▶ ABOUT THIS TASK:
Print the data exactly. Omit the pictures.

▶ THE DATA:

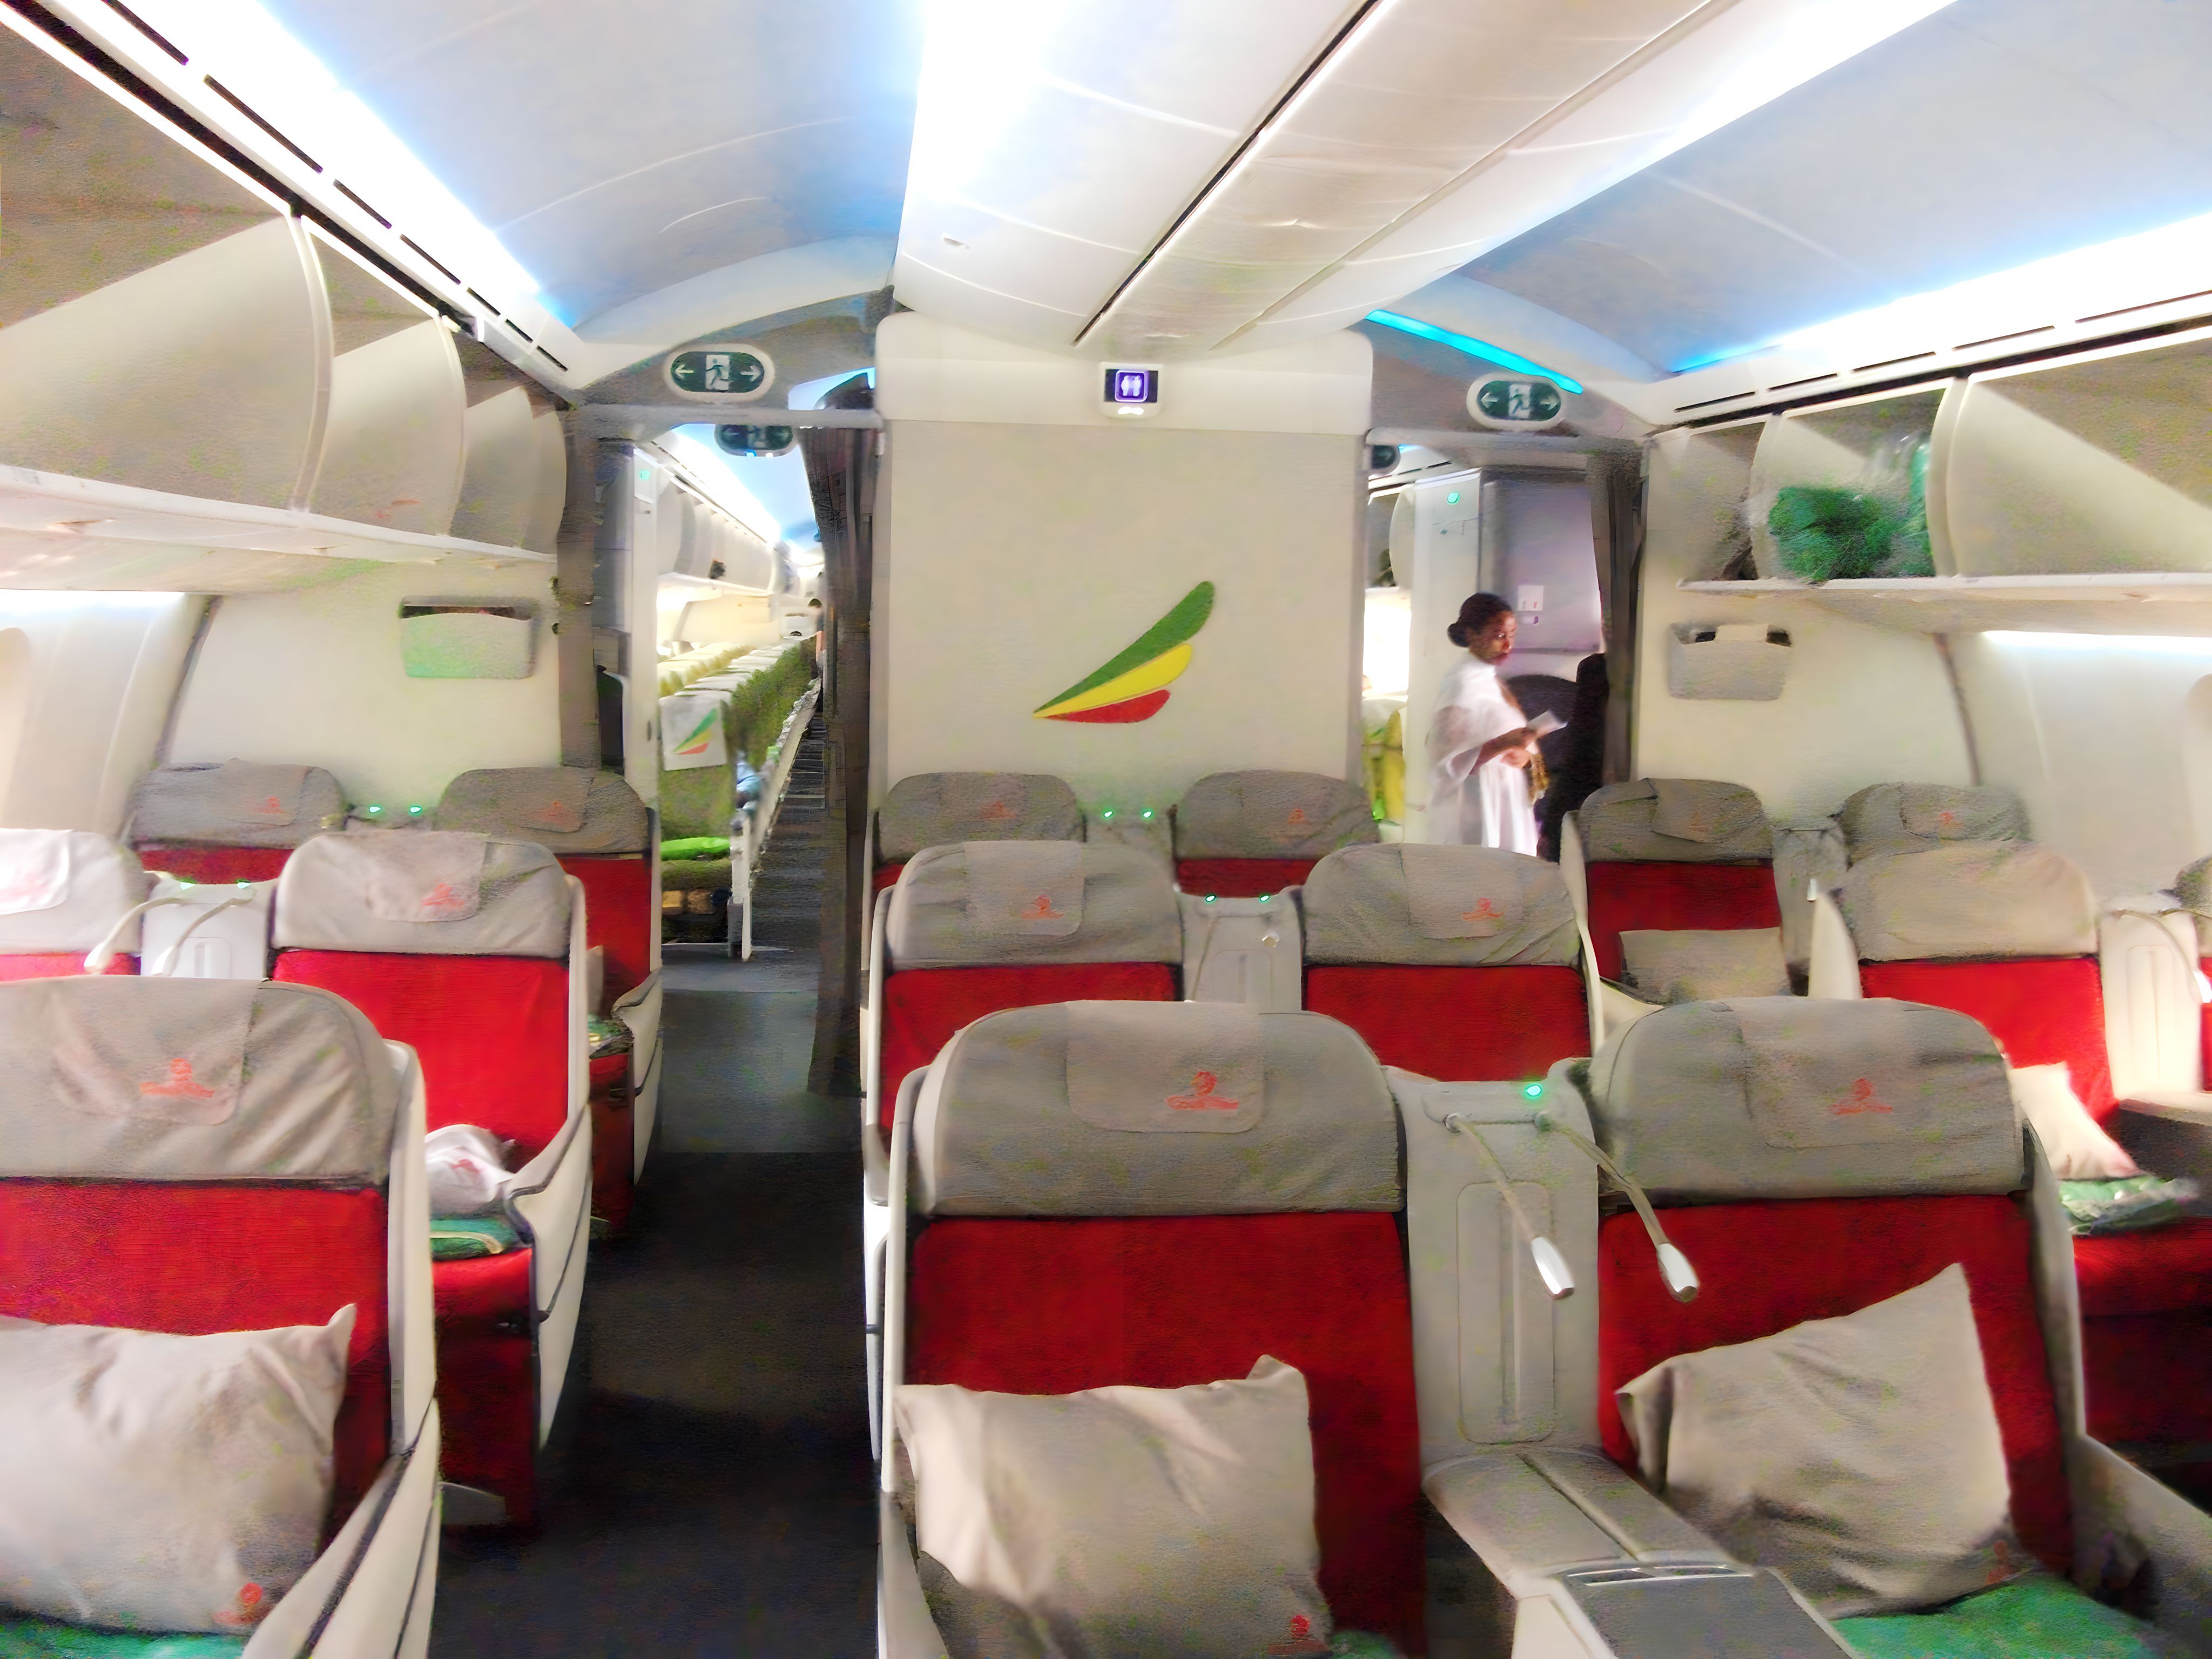 Inside Ethiopian Airlines 787 business class cabin.
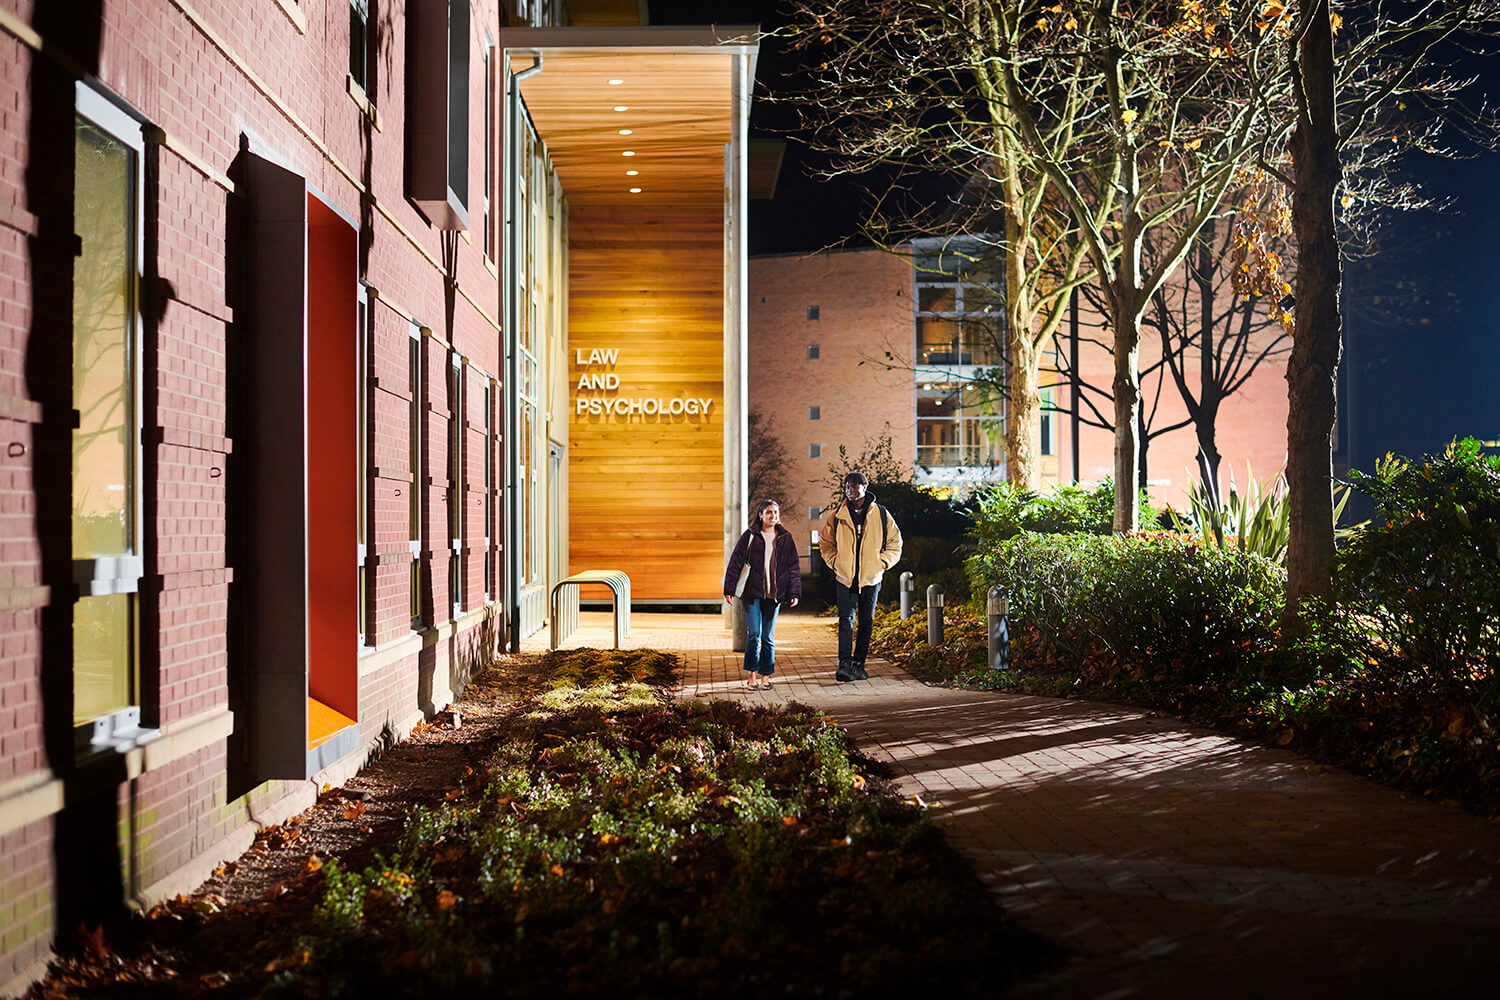 Two students walk outside the Law and Psychology building at night.
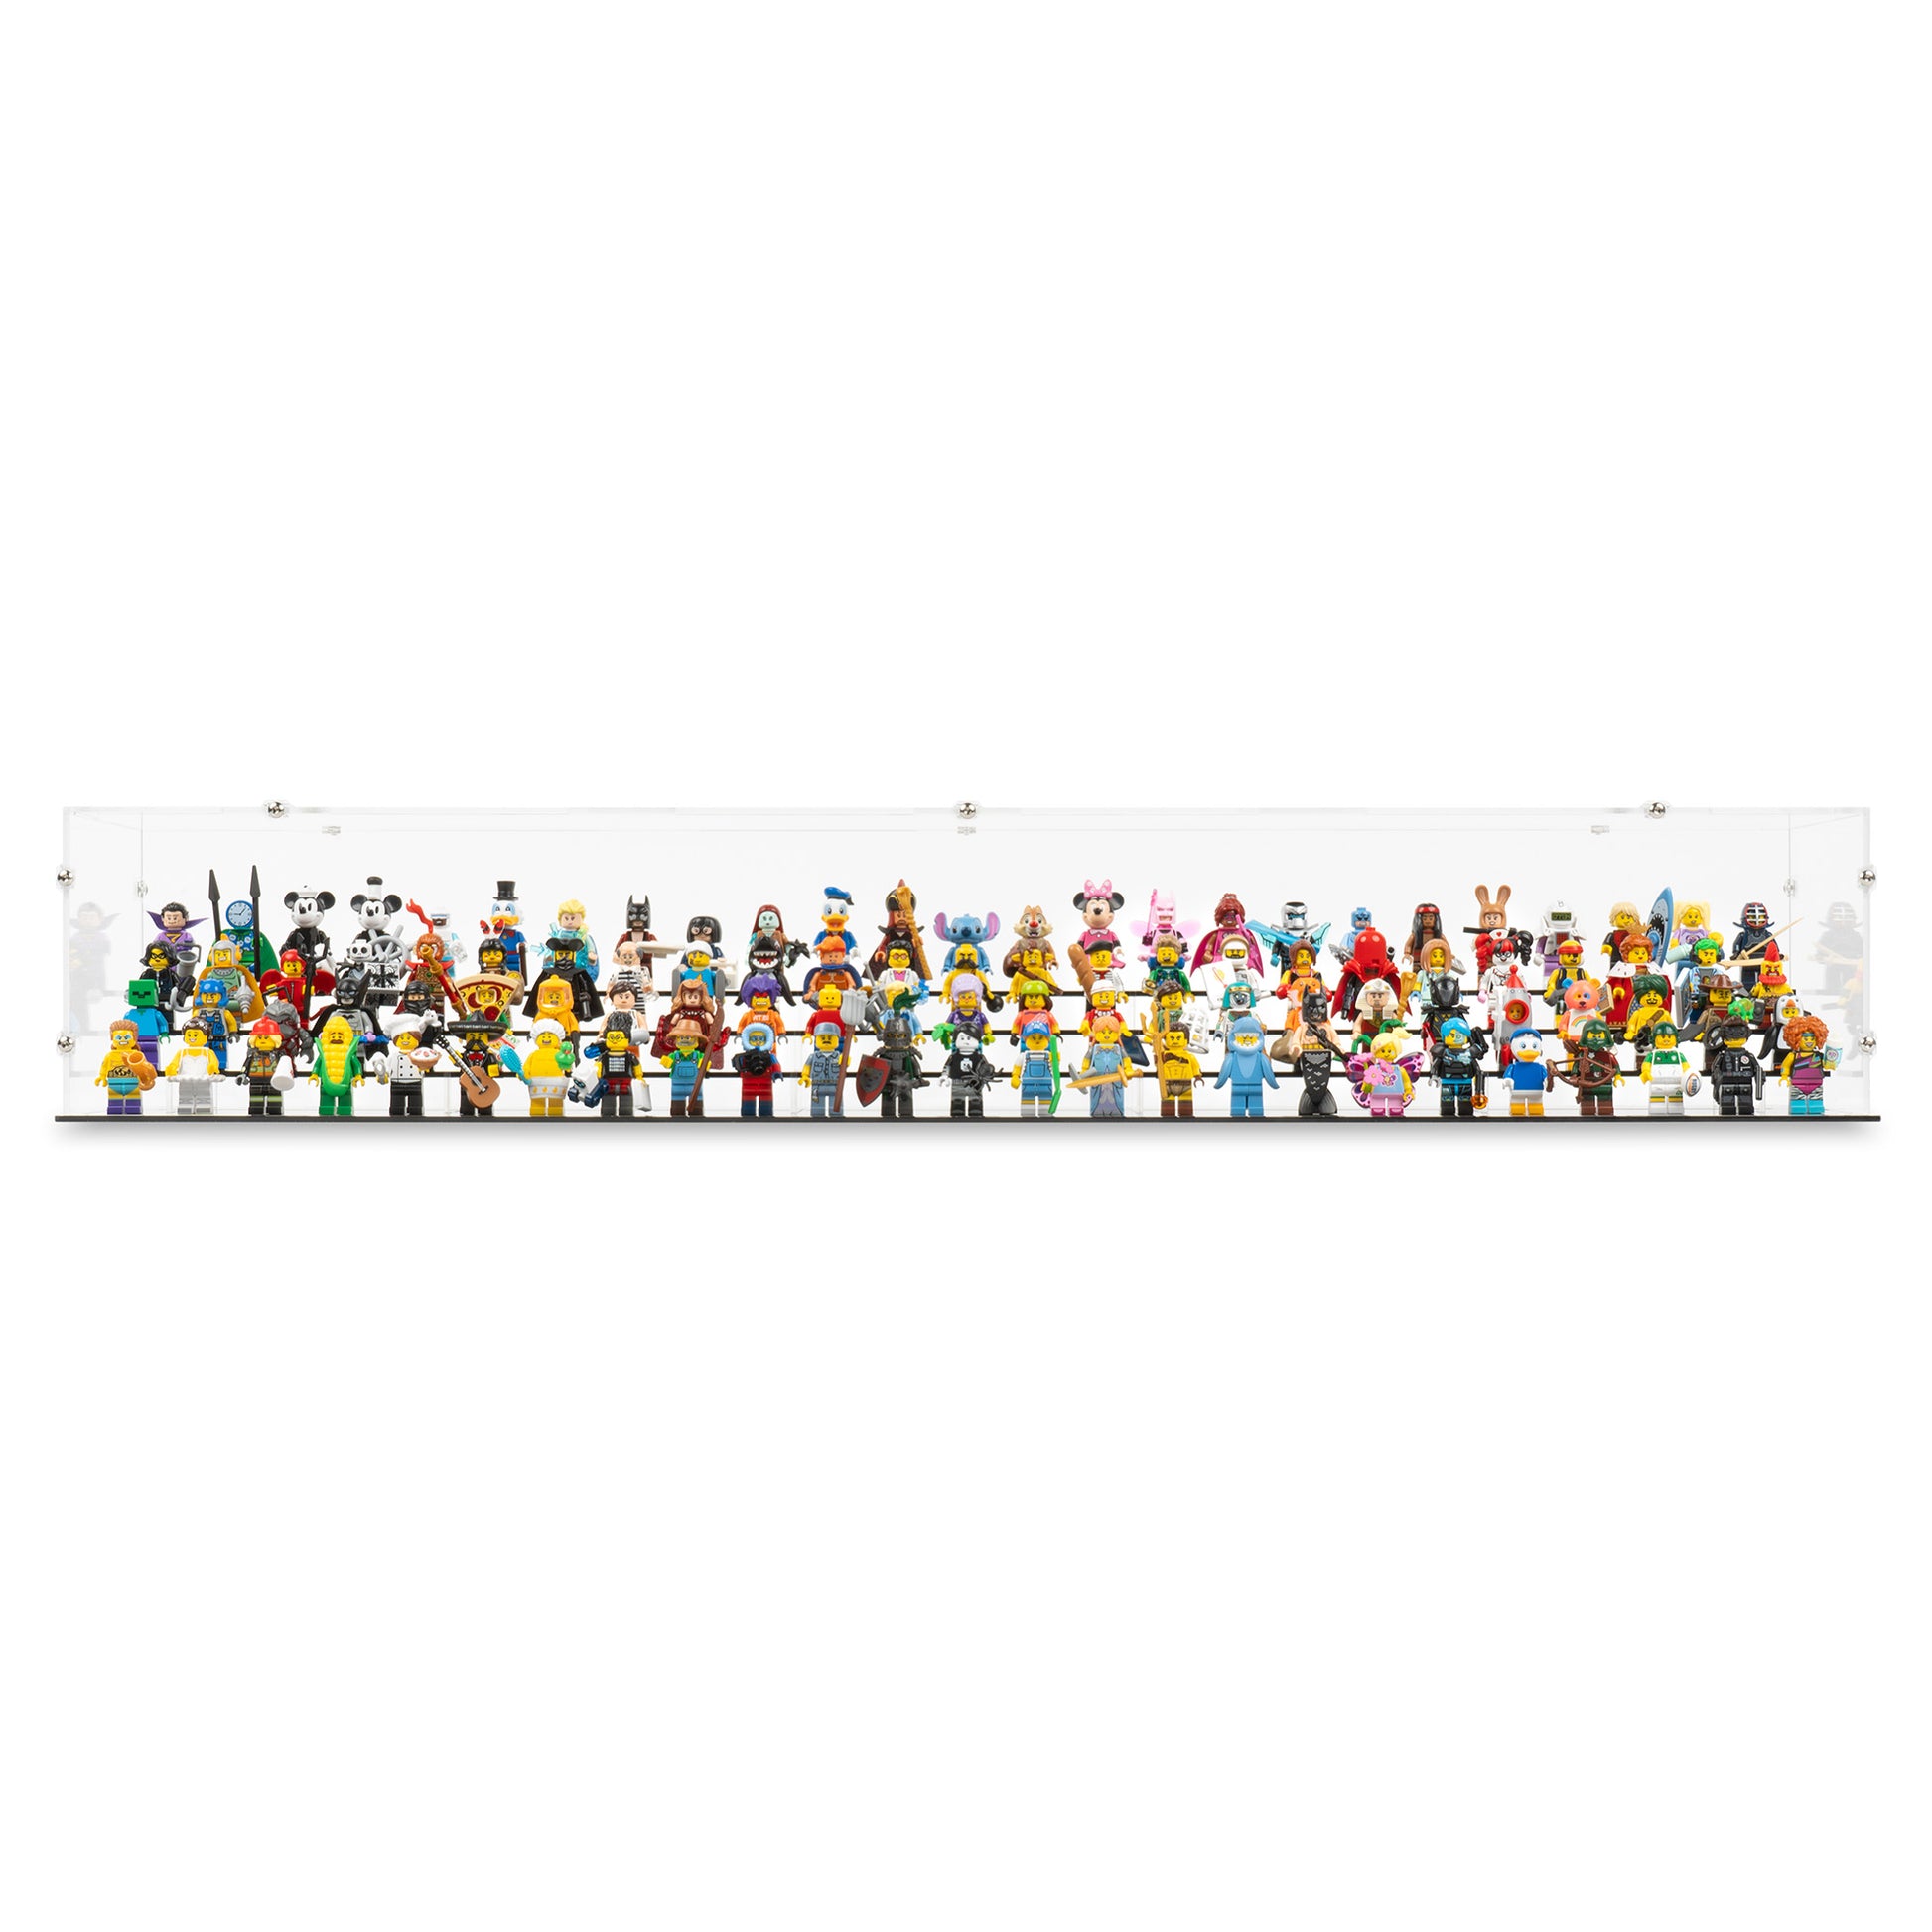 Front view of 100 LEGO Minifigures Display Case.

▶ EXPECTED ANSWER:
 Inside Ethiopian Airlines 787 business class cabin.
 Two students walk outside the Law and Psychology building at night.
 Front view of 100 LEGO Minifigures Display Case.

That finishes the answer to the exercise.